ASSIGNMENT:
Return only the lines below starting at the line containing "Landscape Throw Pillow" and ending at the line containing "Cristiano Ronaldo Boots", both included, exactly as they are and with no pictures.

DATA RECORDS:

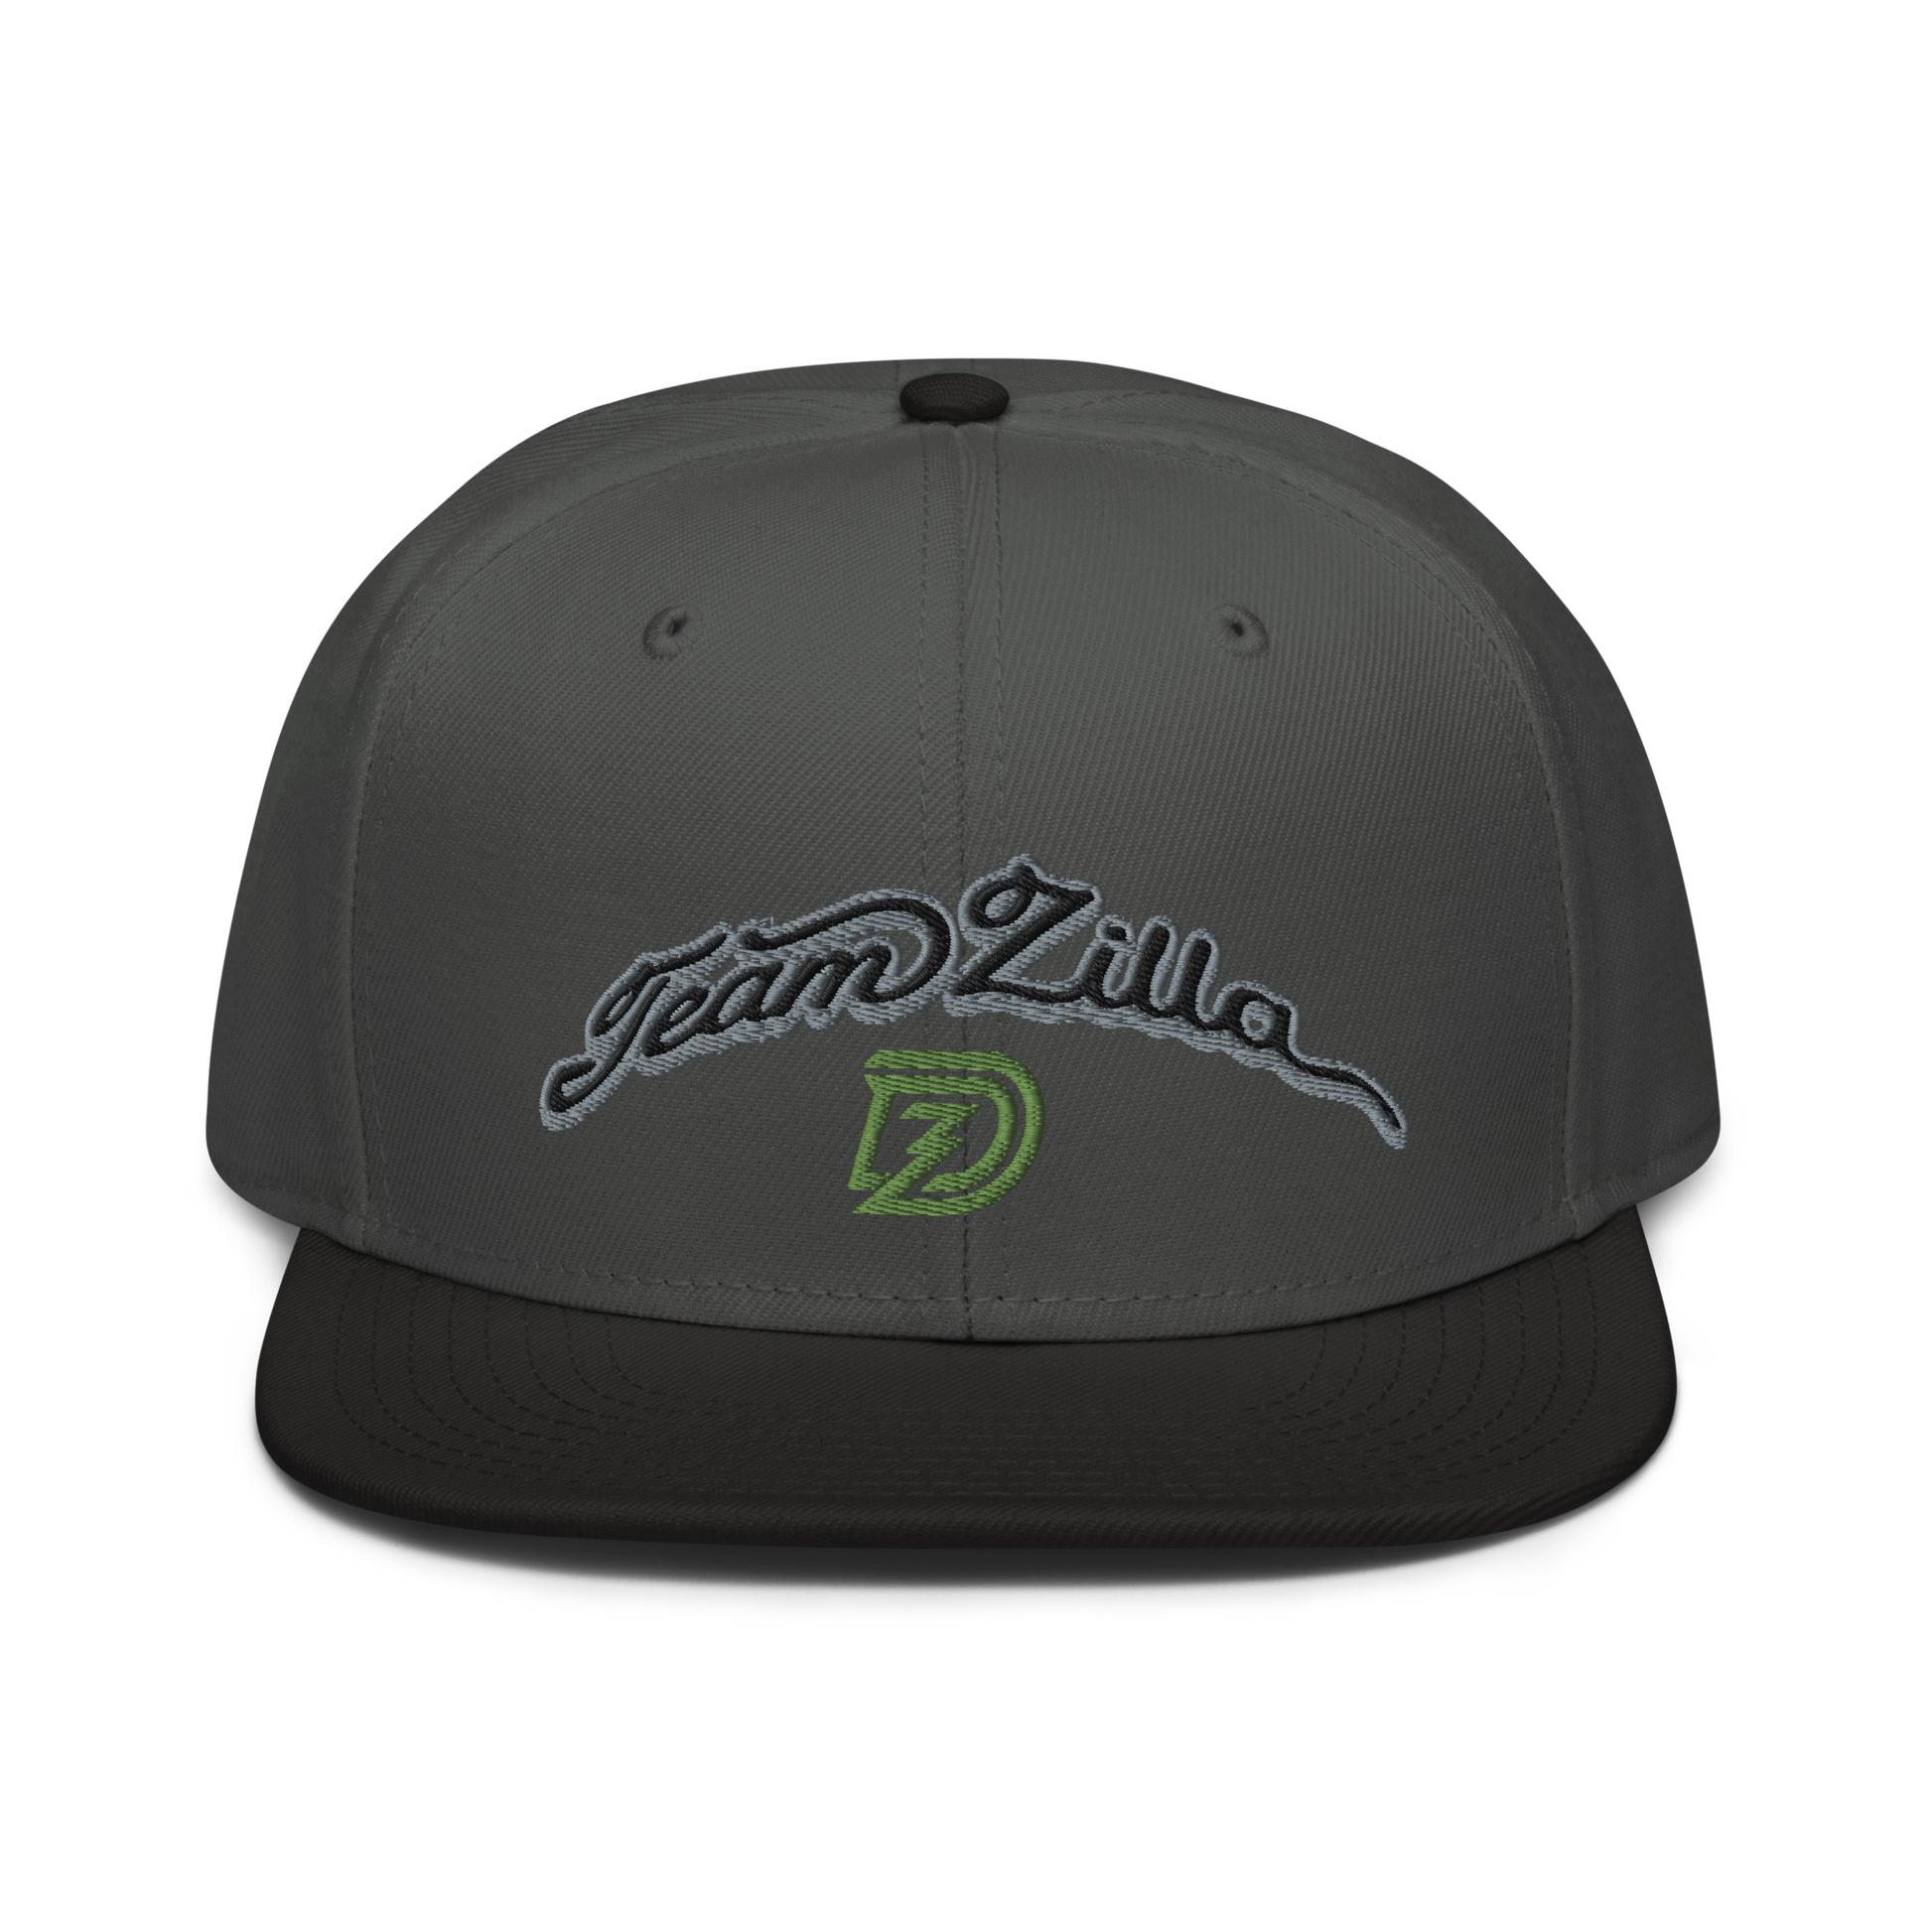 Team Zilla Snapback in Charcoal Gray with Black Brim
--
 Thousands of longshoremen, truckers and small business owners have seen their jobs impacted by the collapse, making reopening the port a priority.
--
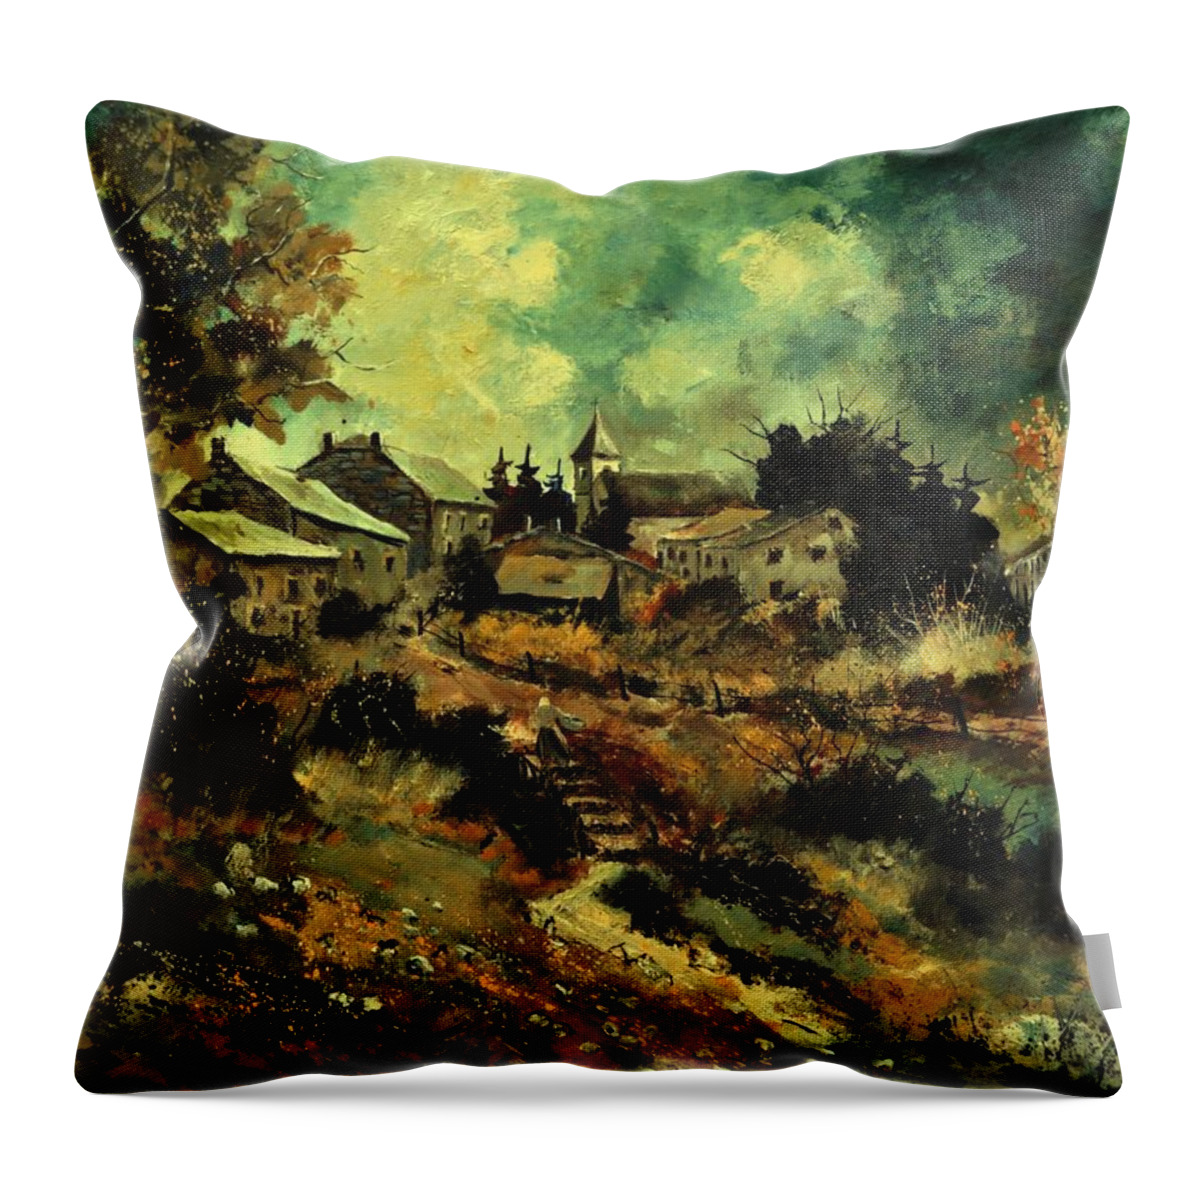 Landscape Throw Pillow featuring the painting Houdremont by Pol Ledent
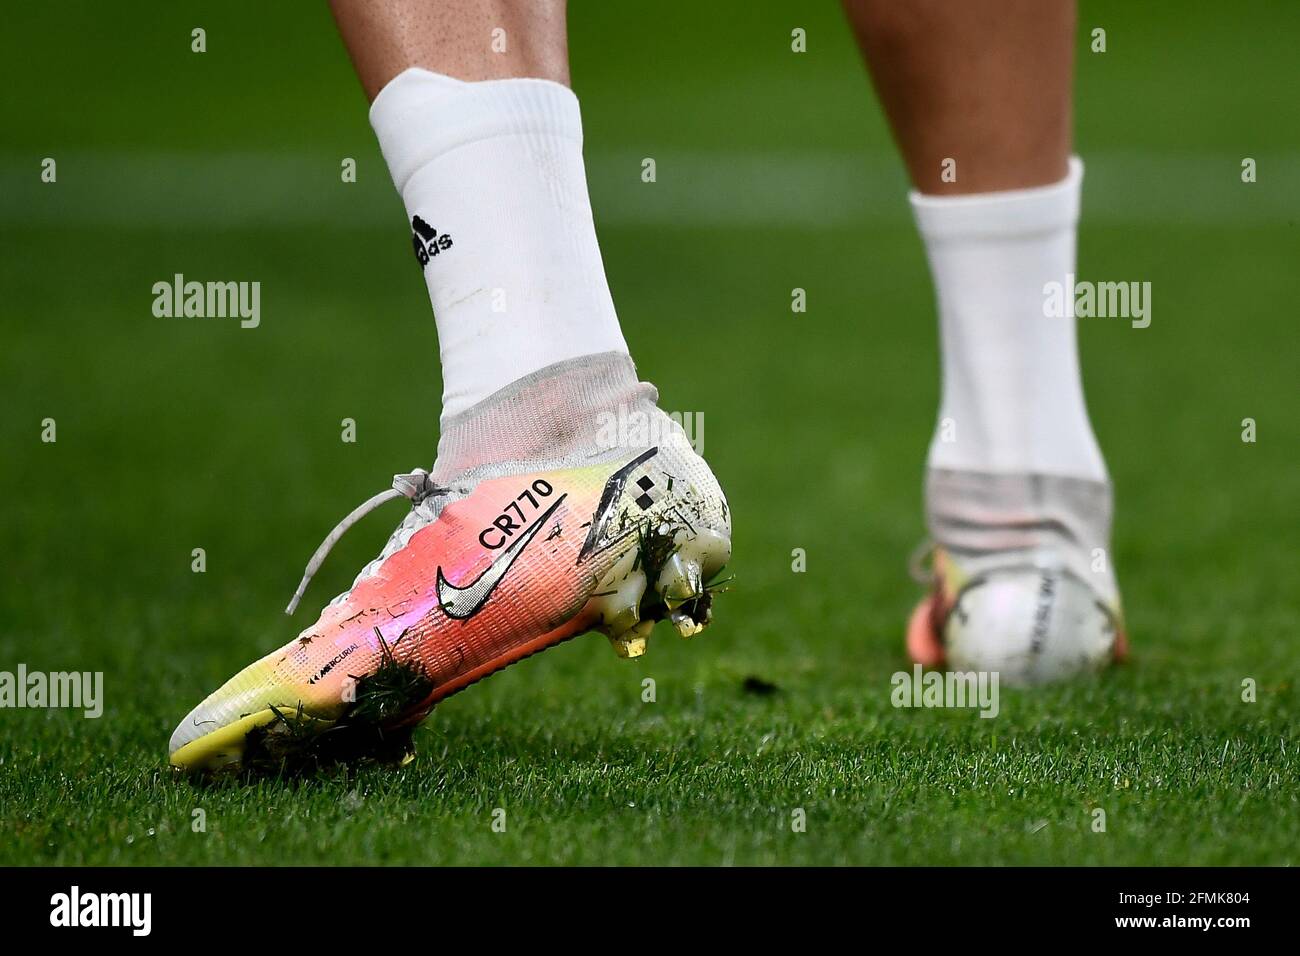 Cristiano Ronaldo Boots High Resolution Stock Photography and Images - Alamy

TASK SOLUTION:
 Landscape Throw Pillow featuring the painting Houdremont by Pol Ledent
 Cristiano Ronaldo Boots High Resolution Stock Photography and Images - Alamy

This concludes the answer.